# Bottle Train



## Kayla2384 (Oct 26, 2007)

To keep the beard dry, I've gotten the idea to bottle train. Any info on how? I have a crate, so that's where the bottle will hang from. Any leads on how to stare Yoshi to it?


----------



## KimKarr (Feb 4, 2006)

Noelle learned her very first time. This is a failproof method...PEANUT BUTTER! :biggrin: 

I took a small dab of peanut butter and put it on the end of the spout. Noelle licked the p'butter off and got a sip of water at the same time. TaaaaaDah! :chili:


----------



## Kayla2384 (Oct 26, 2007)

> Noelle learned her very first time. This is a failproof method...PEANUT BUTTER! :biggrin:
> 
> I took a small dab of peanut butter and put it on the end of the spout. Noelle licked the p'butter off and got a sip of water at the same time. TaaaaaDah! :chili:[/B]


lol that dancing pepper always gets me..lol Yoshi is funny when it comes to PB, but I'll try.. Question iis a dog bottle same as the other ones(i.e rabbit)? uz i have one for my rabbit and I like that one, and I"m checking out Petco online, and I see others that I prefer for my Pooch. Is it the same thing?


----------



## KimKarr (Feb 4, 2006)

I'm not sure if the bunny bottles are the same or not, but I'd guess that they would work just fine.

If your little one isn't a peanut butter fan _*(WHAT? The Buttercup is just shaking her head in wonderment!), *_maybe try some of that Kong Stuffing squirt stuff or some cheese or liver or whatever soft treat Yoshi may like.

The water bottle (with filtered water) has helped Noelle's stains around her mouth. Good luck!


----------



## Kayla2384 (Oct 26, 2007)

> I'm not sure if the bunny bottles are the same or not, but I'd guess that they would work just fine.
> 
> If your little one isn't a peanut butter fan _*(WHAT? The Buttercup is just shaking her head in wonderment!), *_maybe try some of that Kong Stuffing squirt stuff or some cheese or liver or whatever soft treat Yoshi may like.
> 
> The water bottle (with filtered water) has helped Noelle's stains around her mouth. Good luck![/B]


Lol.. Thanx I'll see if that works


----------



## Missy&Maggie (Jun 17, 2007)

Rabbit water bottles leak, which is a pain. I use this water bottle and love it!!!! To teach Maggie we just showed her and gave her treats when she used it. Good luck!!!


----------



## Kayla2384 (Oct 26, 2007)

> Rabbit water bottles leak, which is a pain. I use this water bottle and love it!!!! To teach Maggie we just showed her and gave her treats when she used it. Good luck!!!
> 
> 
> 
> ...


Whered you buy that one? Is that a doggie bottle, I never seen one like that before...


----------



## Kayla2384 (Oct 26, 2007)

> > index.php?act=findpost&pid=461393
> 
> 
> 
> ...


I can't find that one anywhere, is it a valve that you can put any bottle you want in there?


----------



## Missy&Maggie (Jun 17, 2007)

If you click on water bottle, it will take you to there webpage. I made it a link! :biggrin:


----------



## Kayla2384 (Oct 26, 2007)

> If you click on water bottle, it will take you to there webpage. I made it a link! :biggrin:[/B]

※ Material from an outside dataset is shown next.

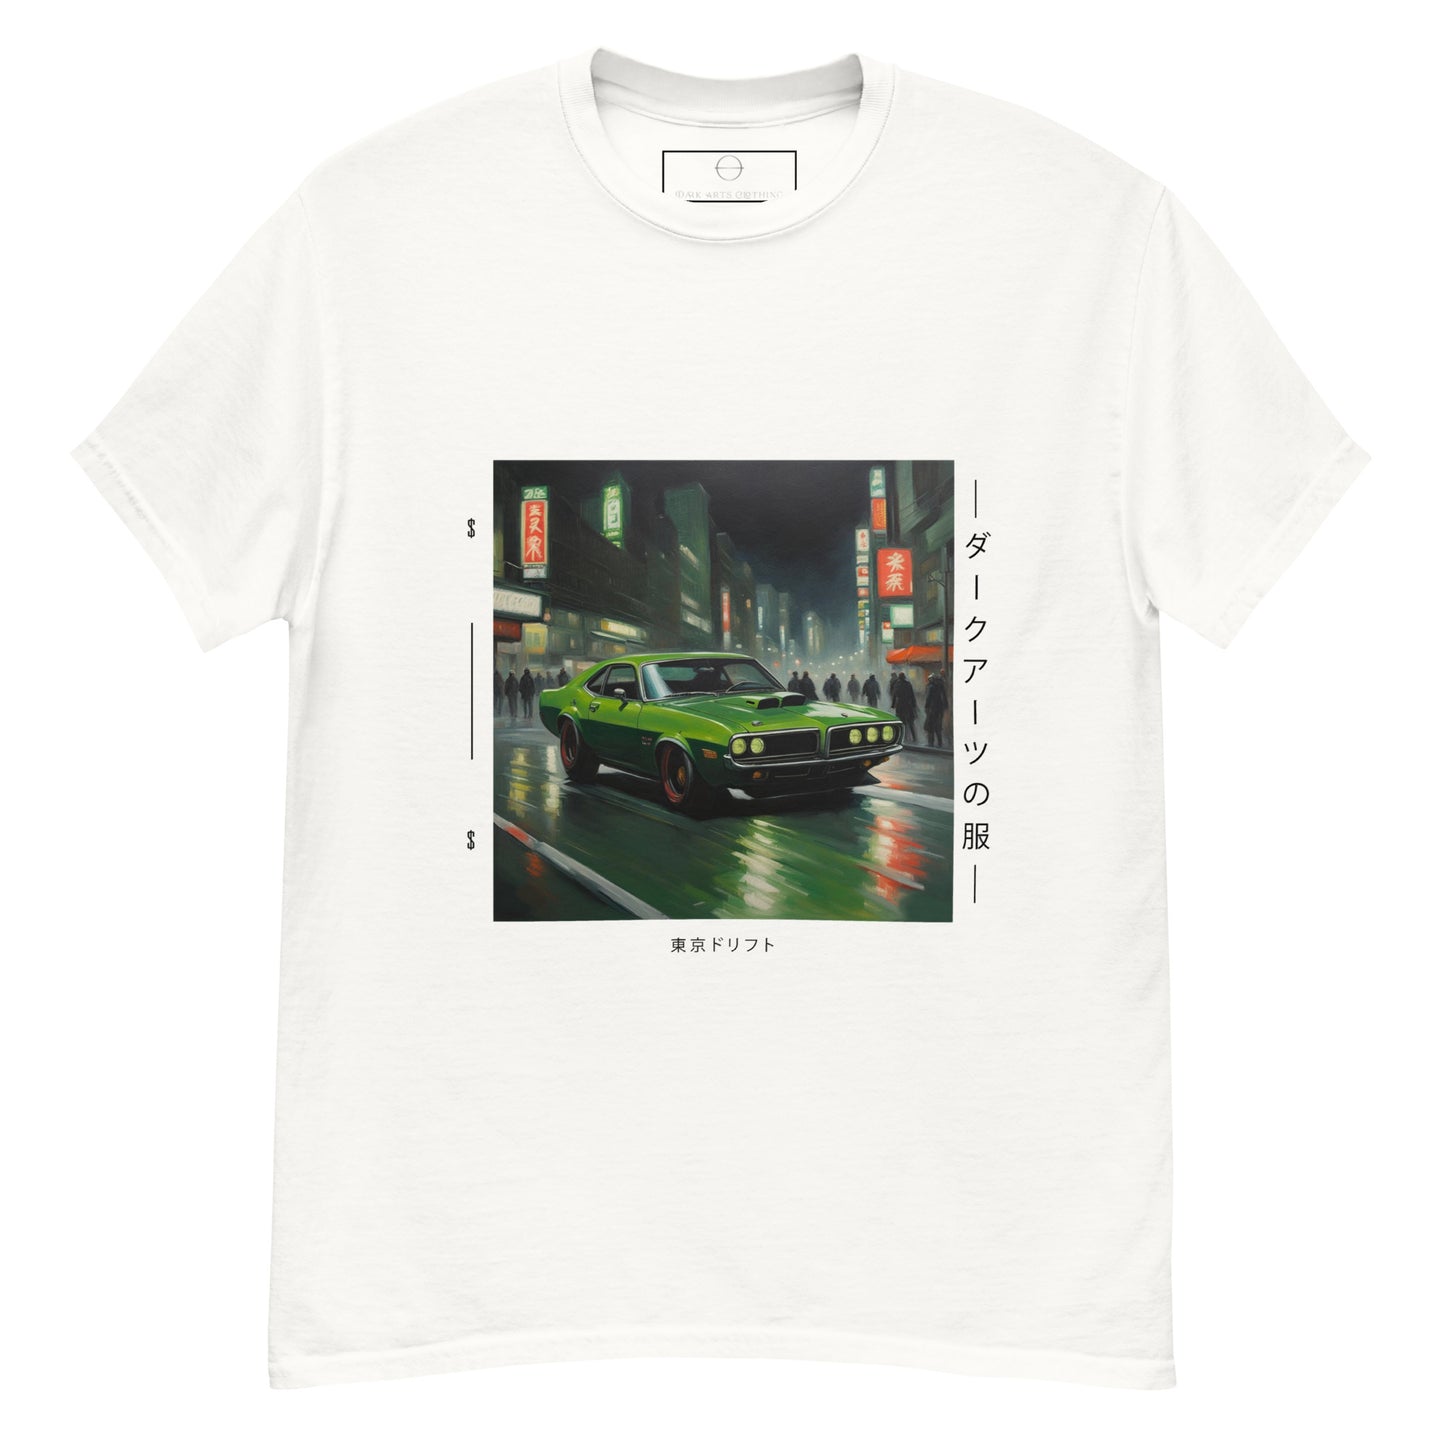 Tokyo Drift I - T Shirt

Thanks I found it though, I did some detective work :thumbsup: and found it. All I had to do was open up the link as a reply and it shows you the link the pic came from. Low and behold I've beento that site, but I was looking for bows


----------



## Kayla2384 (Oct 26, 2007)

Thanks BTW


----------



## Missy&Maggie (Jun 17, 2007)

No prob!!! Glad I could help!!! It is so nice to share what I have learned from this forum!!! :biggrin:


----------



## Malsam (Sep 28, 2007)

I'm using a dome fountain where they just lick off.

I often find the tip of the bottle dripping and the floor is often wet even if it didn't. Once the dog start licking it, some will eventually fall out. And when no 1 is around to dry it, once it accumulates enough, my dog will drink from the ground instead


----------



## Kayla2384 (Oct 26, 2007)

> I'm using a dome fountain where they just lick off.
> 
> I often find the tip of the bottle dripping and the floor is often wet even if it didn't. Once the dog start licking it, some will eventually fall out. And when no 1 is around to dry it, once it accumulates enough, my dog will drink from the ground instead[/B]


Can you post a pic/ website link? Thanx


----------



## Malsam (Sep 28, 2007)

this 1 :









Its meant for cats and only have 1 round dome where water flows down from the side. My malteses have been drinking this since many years ago. Only the very puffy moustache 1s will get it red. If its normal size, only their tongue will touch.


----------



## Kayla2384 (Oct 26, 2007)

> Rabbit water bottles leak, which is a pain. I use this water bottle and love it!!!! To teach Maggie we just showed her and gave her treats when she used it. Good luck!!!
> 
> 
> 
> ...


Do you know another site that has it where it wont be like 16 bux altogether? The nozzle is like 7 and the shipping and handling is about 8. I don't want anything else from there. Thanx


----------



## MaryH (Mar 7, 2006)

> > index.php?act=findpost&pid=461393
> 
> 
> 
> ...


Cindy Fern-King of Ecstasy Maltese sells them also. I'm not sure what her price is but I know that she doesn't charge $8 for shipping. She also sells a smaller water that I really love. It fits on the door of a small crate and is great for travelling. Even driving down a bumpy road these do not leak. You can email Cindy at [email protected]. Her prices are reasonable and she is very responsive and very quick to ship.

Mary


----------



## MissMelanie (Feb 13, 2006)

When I was getting Mr Wookie use to bottle drinking I put a small bit of Nutri-Cal on the tip. It took about three or four times but he got the hang of it after that, fast. 

Good luck,
Melanie


----------



## GreenFuzzer (Jun 16, 2007)

I hope I'm not over stepping but wanted to give a little warning. Peanut butter is the one food that when a large glob gets swallowed it cannot be removed with the Heimlich maneuver nor can it be melted out and pet or human can choke to death. Please remember to use peanut butter in a thin sparing way so that our fur babies and ourselves don't get a glob of that wonderful goodness stuck in our throats.


----------



## mom2bijou (Oct 19, 2006)

The peanut butter is a great idea! Ben and Emma are bottle trained also. I just put the bottle in front of them, let the water come out and then they figured it out rather quickly.


----------